Записки маленького человека эпохи больших свершений (сборник)
Шрифт:
На самом деле я замечал перемены: новые знакомства, хоть и возникали иногда, почти не получали продолжения. Я никогда не встречался с новым знакомцем более одного-двух раз. Что же касается старых друзей, то я утрачивал потребность в общении с ними, и результат был плачевным: они отходили от меня, уходили в собственные заботы и новые связи. Оставалась жена, Конкордия, но и здесь оставалась лишь иллюзия общения: все чаще, протягивая к ней руку, я мог нащупать только пустое место — пустой стул напротив, пустую подушку рядом, пустоту в ее взгляде.
Никогда, конечно, этот вакуум не был столь полным, как здесь, за границей.
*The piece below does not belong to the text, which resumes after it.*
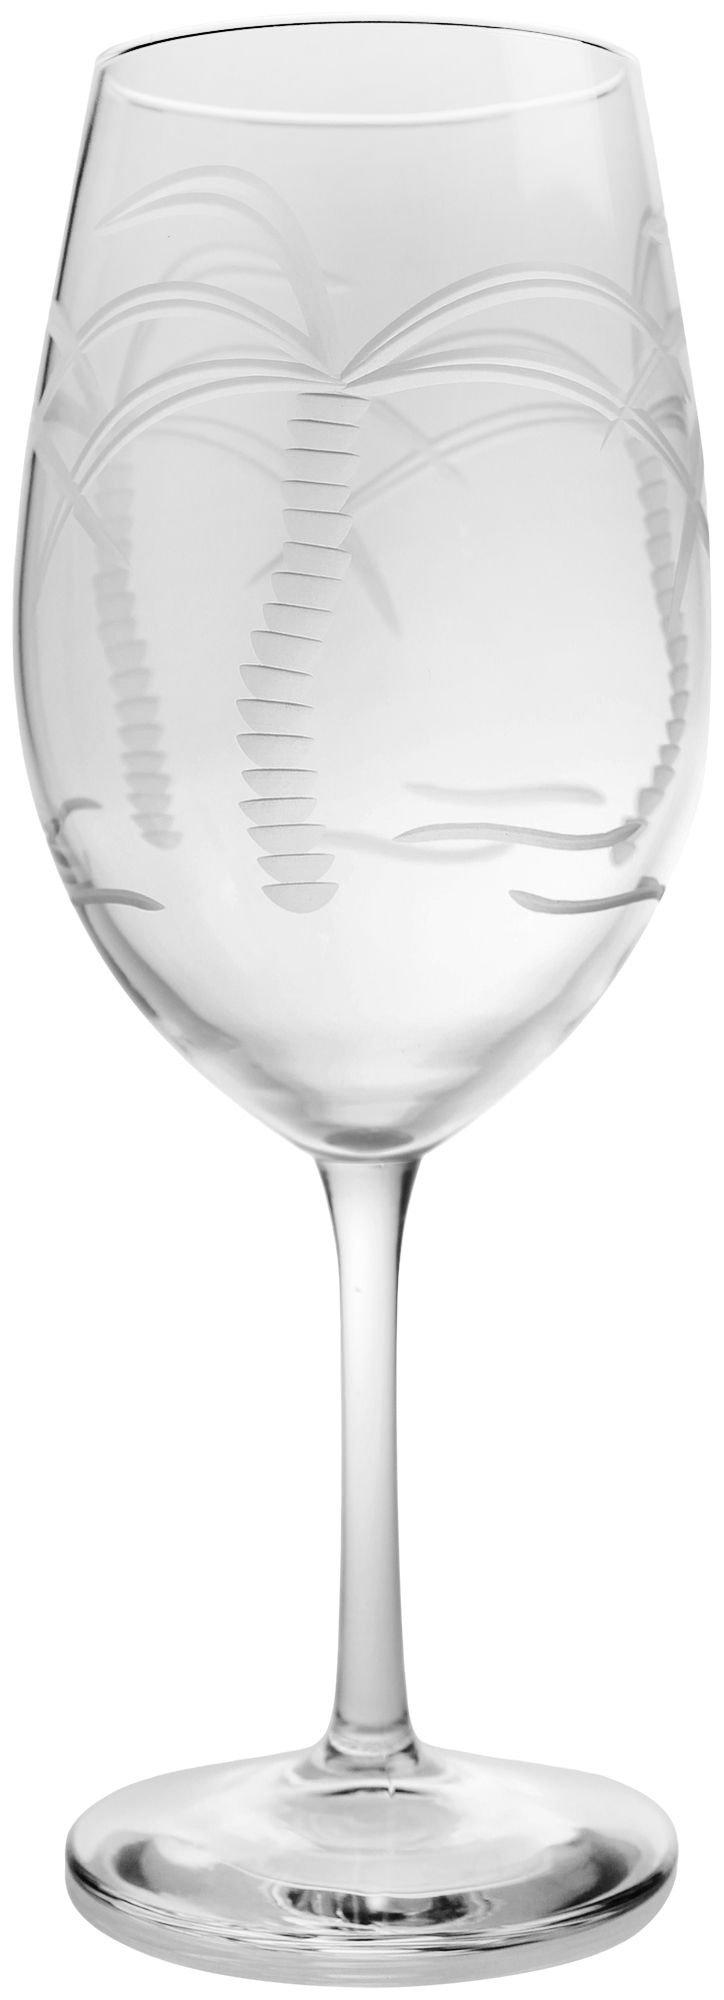 18 oz. Palm Tree Wine Goblet

В ход пошли все, можно сказать, средства достижения одиночества — расстояние, неприкаянность, бездомность, языковой барьер, разлука с сыном, раздельная жизнь с Кокой и наше с ней все более возрастающее непонимание друг друга.
В общем, если тебе угодно будет объяснить этот поток писем, хлынувший на тебя из чужой страны, моим одиночеством, ты не будешь так уж не прав, дорогой Владимир, хотя к этому можно будет прибавить и другие обстоятельства, которые ты как человек, не лишенный воображения, без труда представишь себе. Впрочем, о них в другой раз и, может, наконец из другого места, потому что Альтенсберг надоел мне изрядно. Не уезжаю, кажется, лишь по той причине, что изверился в перемене мест.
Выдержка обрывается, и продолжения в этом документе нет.